Josh Tucker (a political scientist at NYU) emails to ask if there are significant regional differences in the data on the state of the GOP brand that I blogged about yesterday.
As a point of comparison, I checked both the May 1993 Pew poll featured yesterday and a CBS/New York Times poll from late 1994 and there weren't huge regional differences in Republican favorability between the South and the rest of the country. The same applied in a 2006 CBS/NYT poll.

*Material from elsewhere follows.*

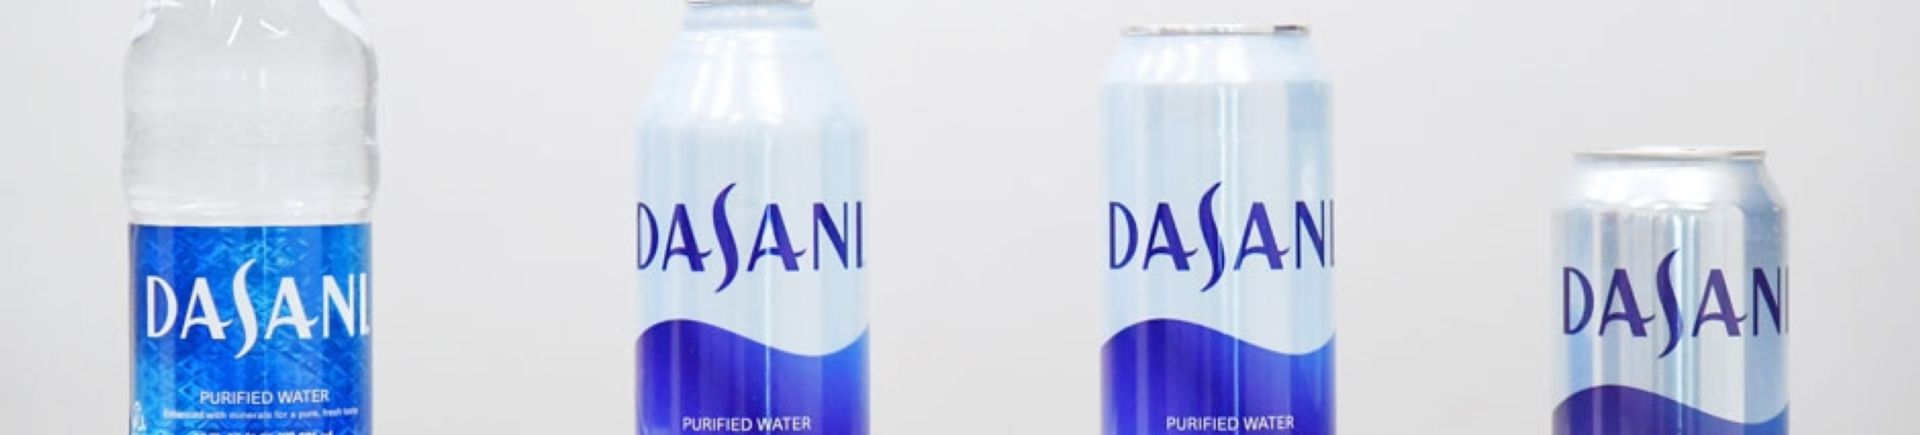 DASANI-Purified Water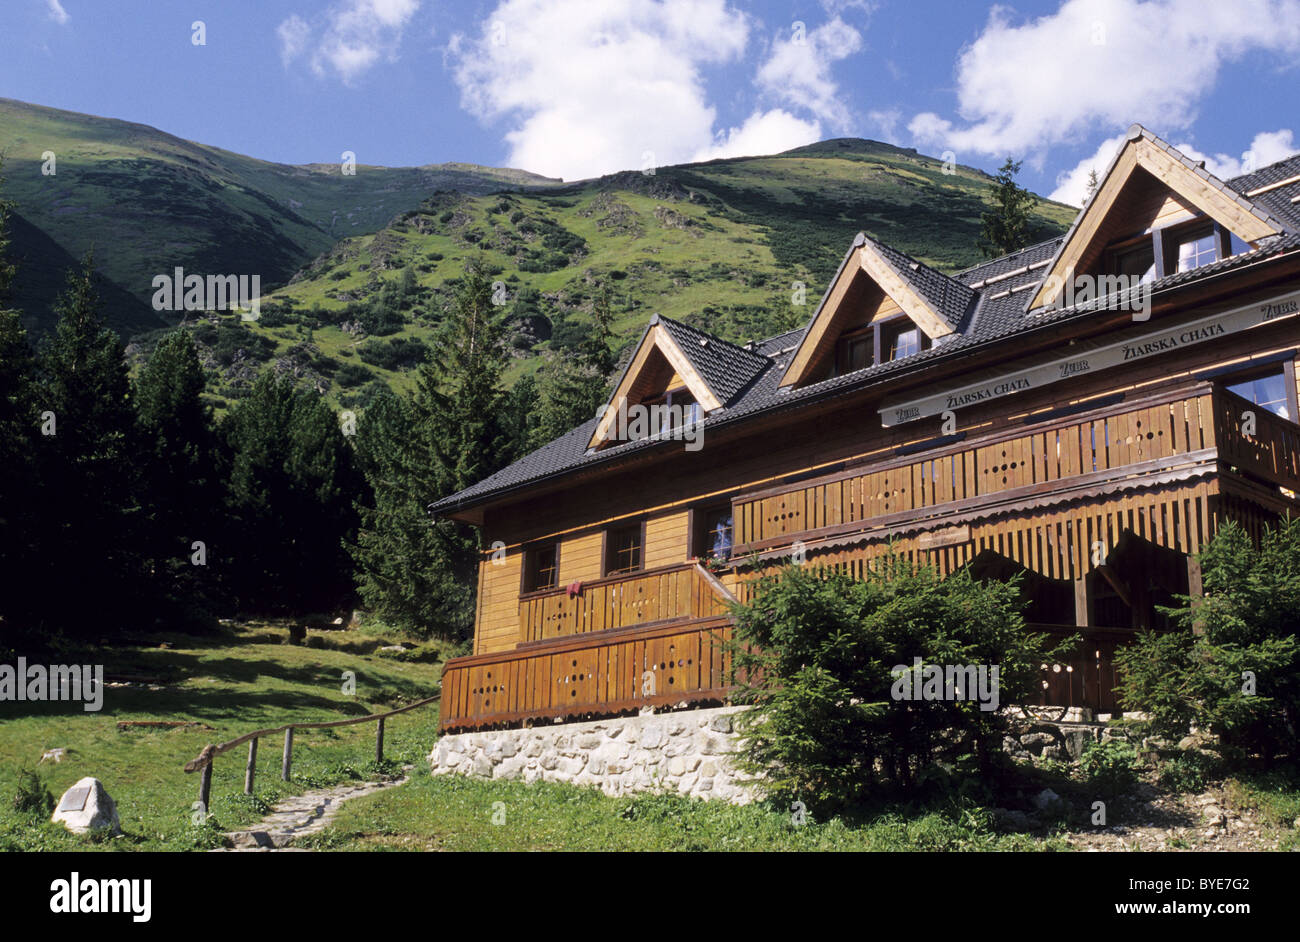 The mountain refuge Ziarska chata in Rohace, part of NP High Tatras, Slovakia. Stock Photo

The Pew poll I blogged about yesterday (the Religion & Public Life Survey) isn't available online, but I checked several recent survey questions about the GOP image for which raw data is available in the Roper Center database. The 2009 survey that most closely replicates the Kos question about views of "Republicans in Congress" (a CBS poll) shows a smaller difference between the South and other regions, though it was conducted in March:
In addition, two other surveys asking closely related questions about approval of Republicans in Congress and views of the Republican Party show no obvious divergence between the South and the rest of the country:
One objection is that the CBS and USA Today/Gallup polls took place before the anti-Obama backlash had gotten underway. However, the CNN poll above was conducted July 31-August 3 and shows relatively similar views of the Republican Party by region.
There are important cultural and political differences between the South and the rest of the country, but those differences may be less dramatic than the Kos question suggests. It would be useful if other polls could break out their results by region to see if the Kos finding holds more generally.